# 遍历文档树
- 子节点
- 父节点
- 兄弟结点
- 回退和前进
- 搜索文档树
- 过滤器
- find_all
- 像调用find_all一样调用tag
- find
- find_parents 和 find_parent
- find_next_siblings() 和 find_next_sibling()
- find_previous_siblings() 和 find_previous_siblingx
- find_all_next() 和 find_next()
- find_all_previous() 和 find_previous()
- CSS选择器

In [1]:
html_doc = """
<html><head><title>The Dormouse's story</title></head>
    <body>
<p class="title"><b>The Dormouse's story</b></p>

<p class="story">Once upon a time there were three little sisters; and their names were
<a href="http://example.com/elsie" class="sister" id="link1">Elsie</a>,
<a href="http://example.com/lacie" class="sister" id="link2">Lacie</a> and
<a href="http://example.com/tillie" class="sister" id="link3">Tillie</a>;
and they lived at the bottom of a well.</p>

<p class="story">...</p>
"""

from bs4 import BeautifulSoup
soup = BeautifulSoup(html_doc, 'html.parser')

## 1 子节点
一个tag可能包含多个字符串或其他的Tag这些都是这个Tag节点子节点。
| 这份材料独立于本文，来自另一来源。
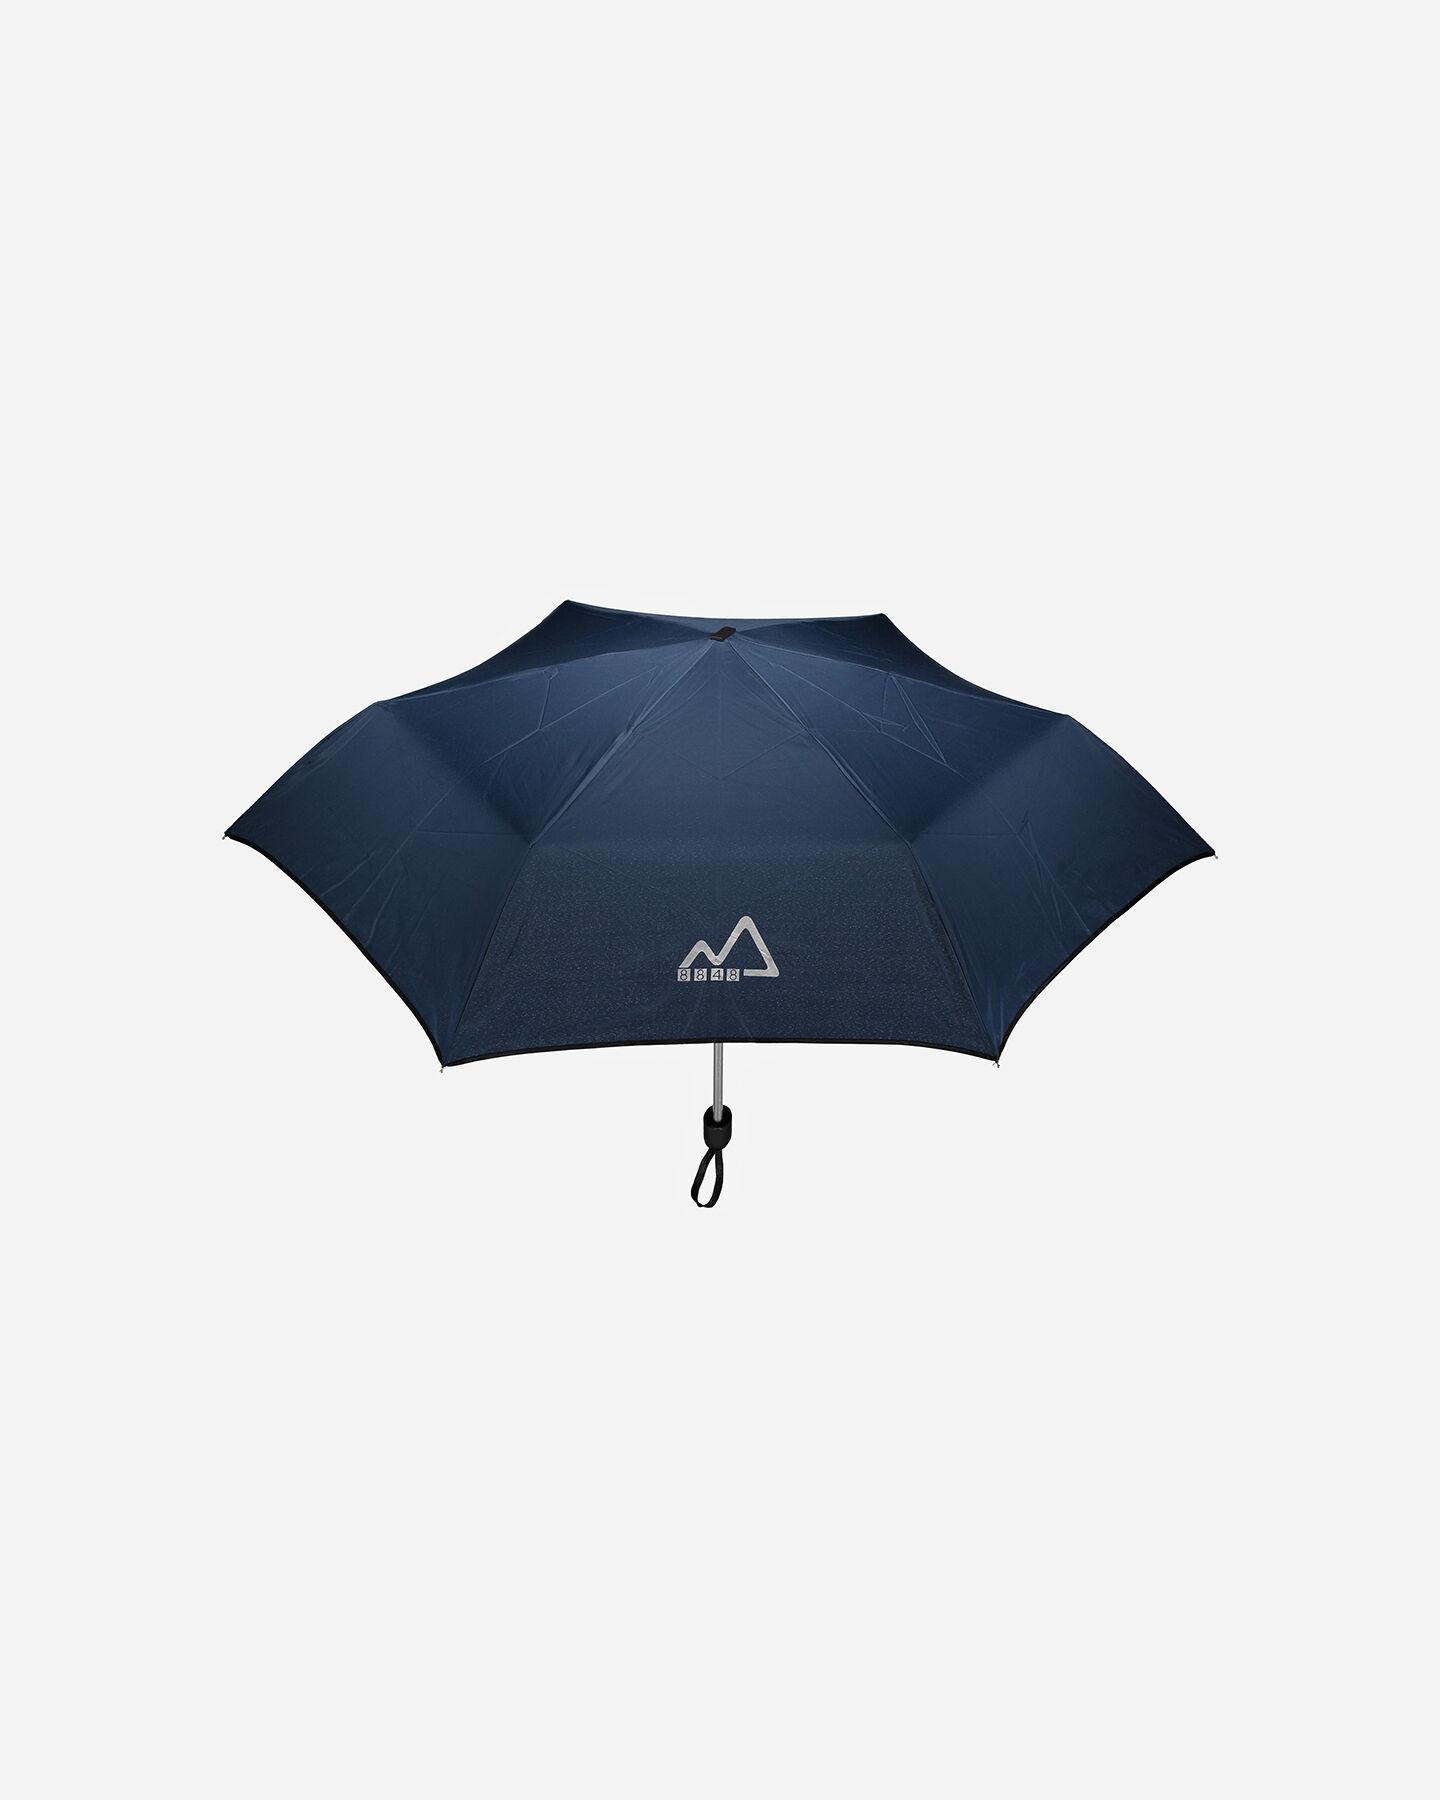 Ombrello 8848 RAIN PACKABLE S1283404 scatto 2

Beautiful Soup提供了许多操作和遍历子节点的属性.

In [15]:
#------------------- tag的名字
"""
操作文档树最简单的方法就是告诉它你想获取的tag的name.如果想获取 <head> 标签,只要用 soup.head :
"""
print(soup.head) # <head><title>The Dormouse's story</title></head>
print(soup.title) # <title>The Dormouse's story</title>
print(soup.body.b) # <b>The Dormouse's story</b>

# 通过点取属性的方式只能获得当前名字的第一个tag:
print(soup.a) # <a class="sister" href="http://example.com/elsie" id="link1">Elsie</a>
print(soup.find_all('a'))
"""
[<a class="sister" href="http://example.com/elsie" id="link1">Elsie</a>, 
<a class="sister" href="http://example.com/lacie" id="link2">Lacie</a>,
<a class="sister" href="http://example.com/tillie" id="link3">Tillie</a>]
"""

#------------------------- .contents 和 .children
"""
tag的 .contents 属性可以将tag的子节点以列表的方式输出:

通过tag的 .children 生成器,可以对tag的子节点进行循环:
"""
head_tag = soup.head
head_tag # <head><title>The Dormouse's story</title></head>

head_tag.contents # [<title>The Dormouse's story</title>]
title_tag = head_tag.contents[0] 
title_tag # <title>The Dormouse's story</title>
title_tag.contents # ["The Dormouse's story"]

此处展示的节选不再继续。